Miss Myrtle Gonzalez (Mrs Allen Watt), one of the famous outdoor girls of motion pictures, daughter of an old Spanish family and native of Los Angeles, died yesterday of heart disease at the home of her parents.  [Los Angeles Times, “Myrtle Gonzalez Dead”, Oct 23 1918]

Only…she didn't.   Miss Gonzalez was one of many felled by the Spanish Flu epidemic.  So why would the obituary say otherwise?  We’ll get to that in a minute.  But first:

Myrtle Gonzalez was California born and raised, athletic, the epitome of what we’d call today the “all-American girl”.  Her entry in the Motion Picture Studio Directory for 1918 makes a point of mentioning she “swims and rides”, and the January 1916 Photoplay lists she is "a star at basketball and tennis".

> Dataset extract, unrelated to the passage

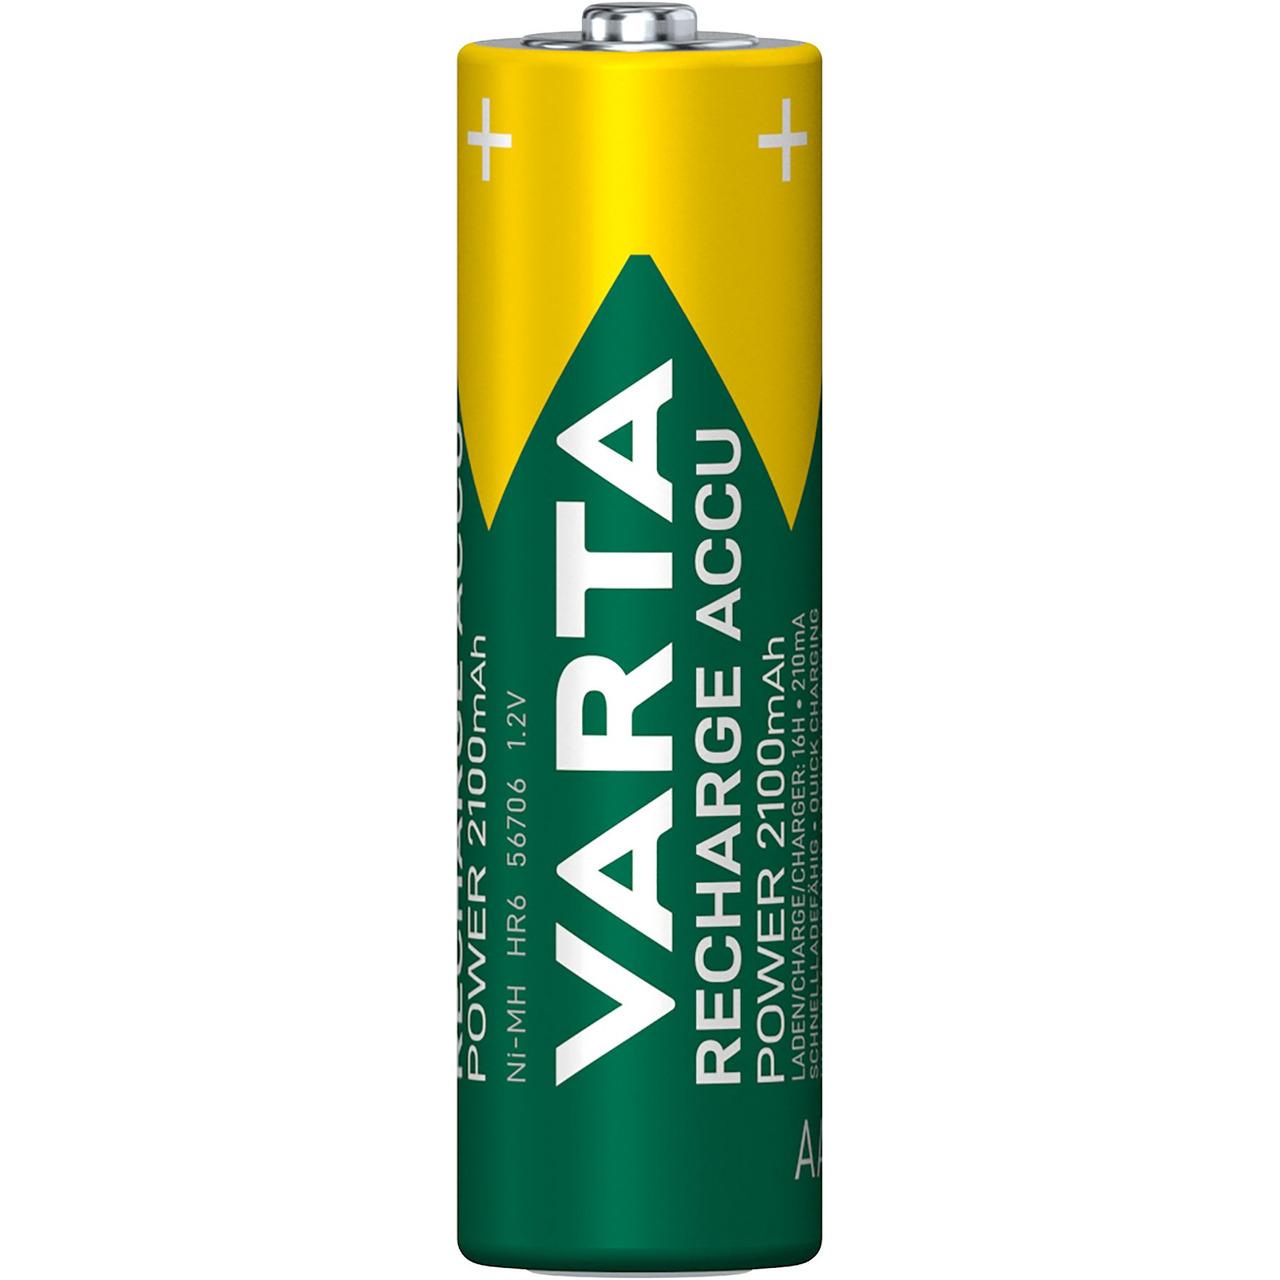 VARTA RECH-ACCU Power AA 2100mAh Blister 4

(Photoplay, May 1917, courtesy the MHDL)

The daughter of Manuel Gonzalez, a grocer, and Lillian Cook, an Irish former opera singer (whose lovely soprano she inherited), much was made of Myrtle’s upper-class Spanish ancestry.  “Please remember to spell my last name with a ‘z’ twice…because that is aristocratic Spanish,” she (supposedly) told Motion Picture Story in their March 1914 issue.  The same article attributes her acting success to her “temperamental, fiery” background.  That success was unusual; in the teens, Hispanics/Latinos were often represented as villains, imposing and dangerous:

Most Latino characters in the 1910s weren't afforded the occasional sympathy shown toward other minorities, with most Latinos depicted as dastardly "greasers"…[g]enerally, Mexicans were depicted as lazy and deceitful…when [Mexican filmgoers] responded by boycotting Hollywood, American filmmakers responded by carefully applying the negative stereotype to all Latinos, not just Mexicans. [Eric Brightwell, ­¡Silencio! – The Hispanic & Latino experience in the silent era – Amoeblog]

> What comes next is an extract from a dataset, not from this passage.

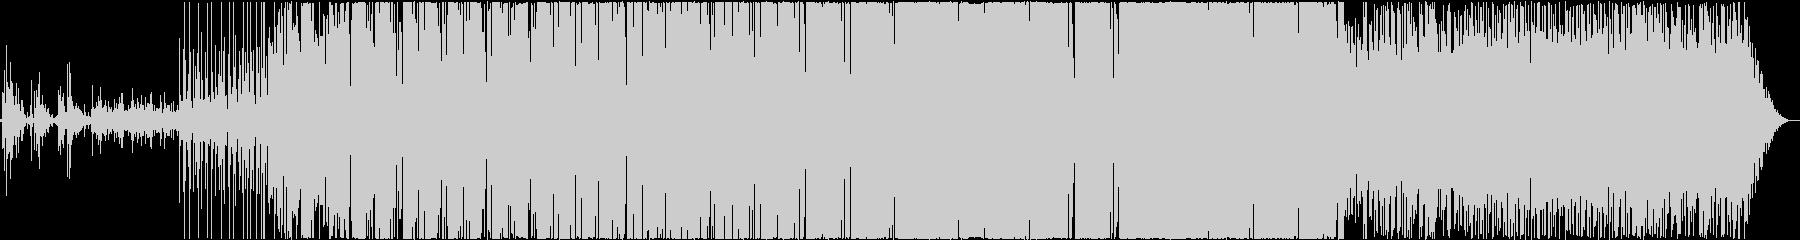 ファンキーでノリノリな曲の未再生の波形

This is where Gonzalez’s Irish heritage made the difference; with her pale skin, light brown hair, and hazel eyes, she didn’t look the way the average 1910s American audience expected. She was even referred to as the “Virgin White Lily of the Screen”.  This led to her being featured in over 75 pictures for Western Vitagraph and Bluebird (the more artistic division of Universal).  She was best known for the six-reel drama “The Chalice of Courage”, before her untimely death in 1918.

(Moving Picture Weekly, January 13 1917, courtesy the MHDL)

Which brings us back to her obituary. Why did the LA Times list her cause of death as heart disease?  The same reason a lot of trade papers/fan magazines, while mentioning influenza, tempered it with additions of a heart ailment or stunt injury: fear.  Or more correctly, an attempt to comfort readers from thinking it could happen to them by giving other reasons for her demise.  Photoplay openly addressed the state of Hollywood and the rest of the US:

You know what it did to your family and to every family in the neighborhood.   You all had it.  And the big movie family wasn’t immune.  […] Few companies, east or west, escaped the scourge.  [“Plays and Players”, Photoplay, January 1919]

(Yet they, too, list her death as “complication[s] of heart trouble and influenza…said to be indirectly due to a fall received a year ago while riding for a ‘stunt’ picture”.)

Yes, Myrtle Gonzalez was a victim, but this young lady wouldn't want that to be her legacy.  Instead, remember her as a wife, mother, singer, actress, and trailblazer:  the first Hispanic/Latino movie star.